Segment Start: AVAILABLE DATA
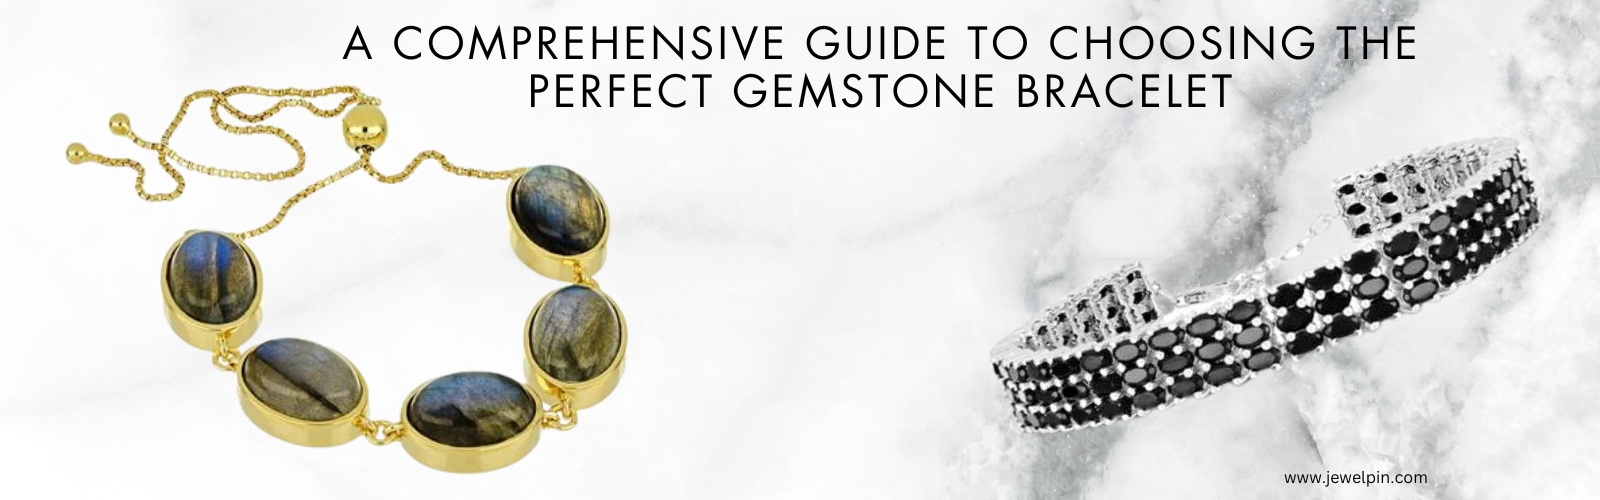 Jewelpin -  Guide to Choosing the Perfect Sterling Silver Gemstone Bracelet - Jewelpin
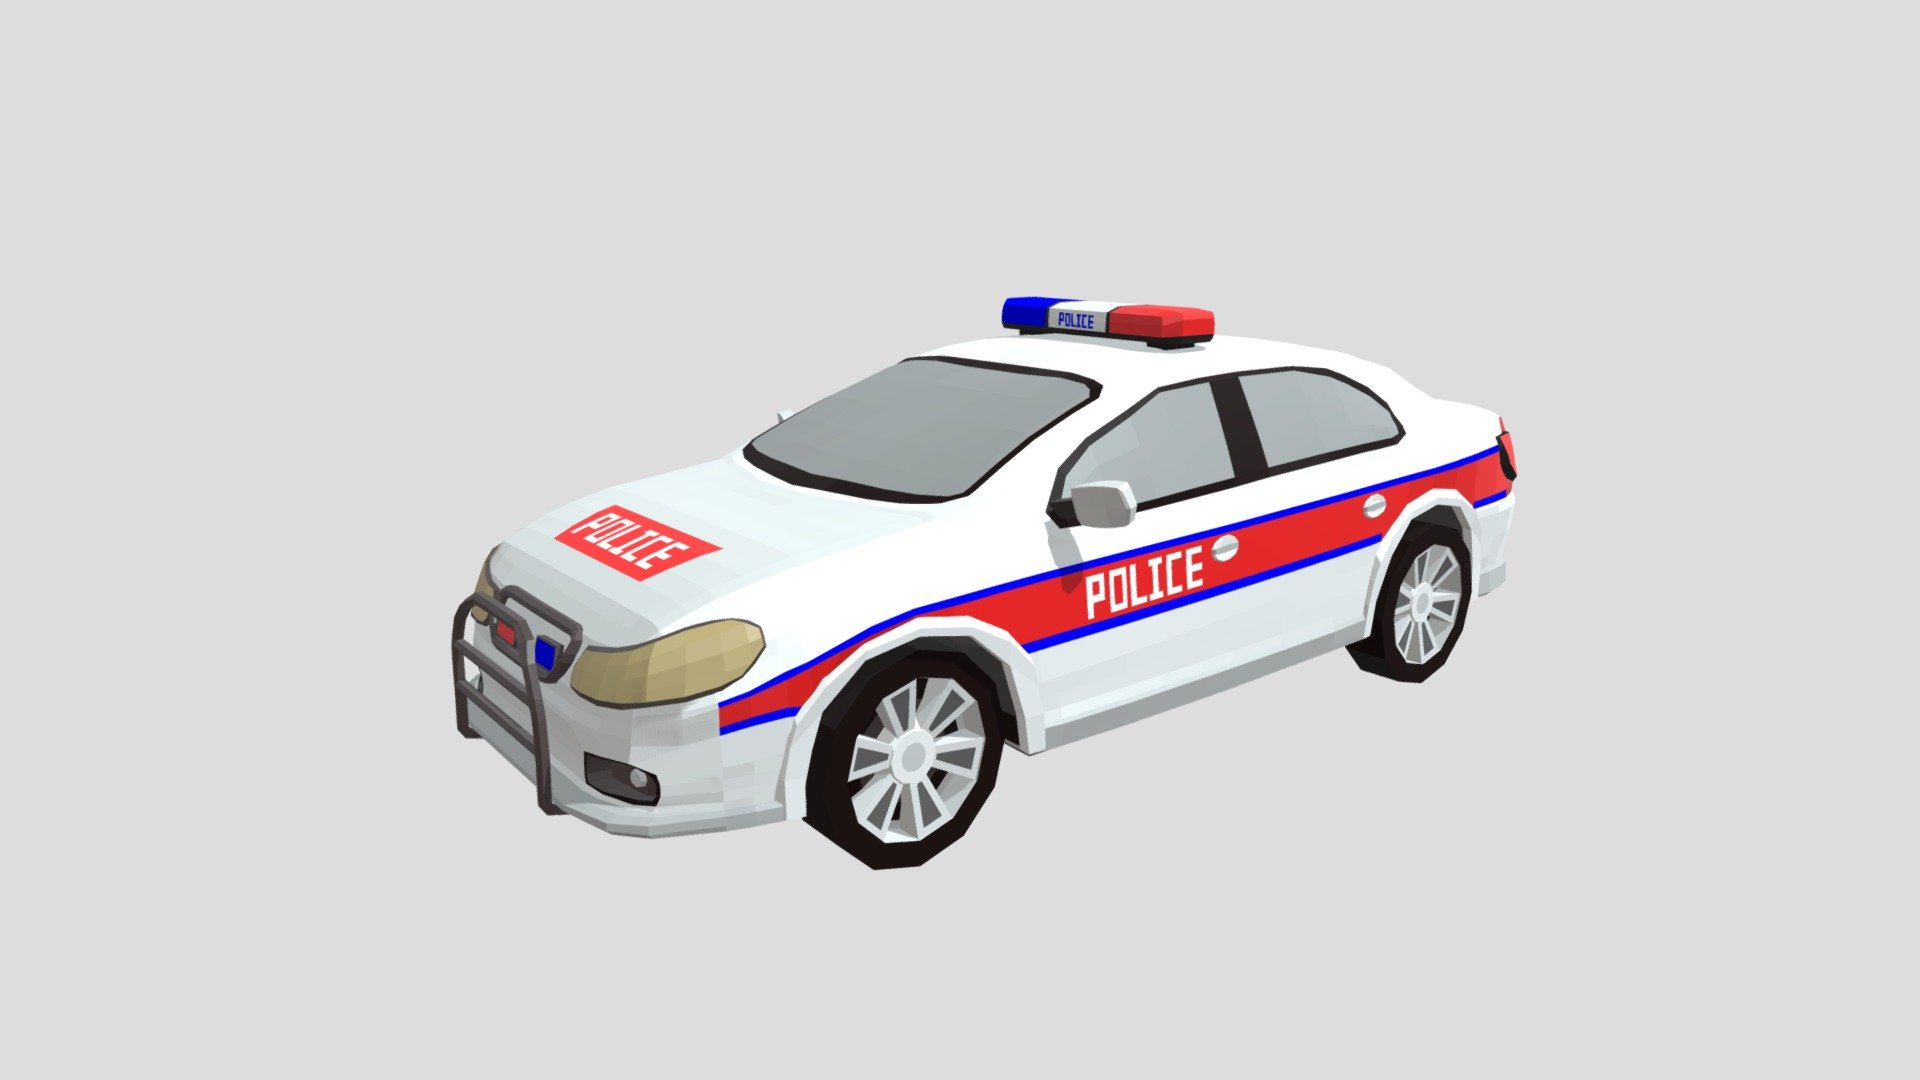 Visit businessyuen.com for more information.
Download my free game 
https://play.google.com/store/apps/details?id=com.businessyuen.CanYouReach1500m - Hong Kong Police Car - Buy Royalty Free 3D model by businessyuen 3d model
Segment End: AVAILABLE DATA
## WHAT TO DO
Extract, word for word, every line from the one holding "Visit businessyuen.com for more information." through the closing line of the data above. Do not include any pictures.

## YOUR RESPONSE
 Visit businessyuen.com for more information.
Download my free game 
https://play.google.com/store/apps/details?id=com.businessyuen.CanYouReach1500m - Hong Kong Police Car - Buy Royalty Free 3D model by businessyuen 3d model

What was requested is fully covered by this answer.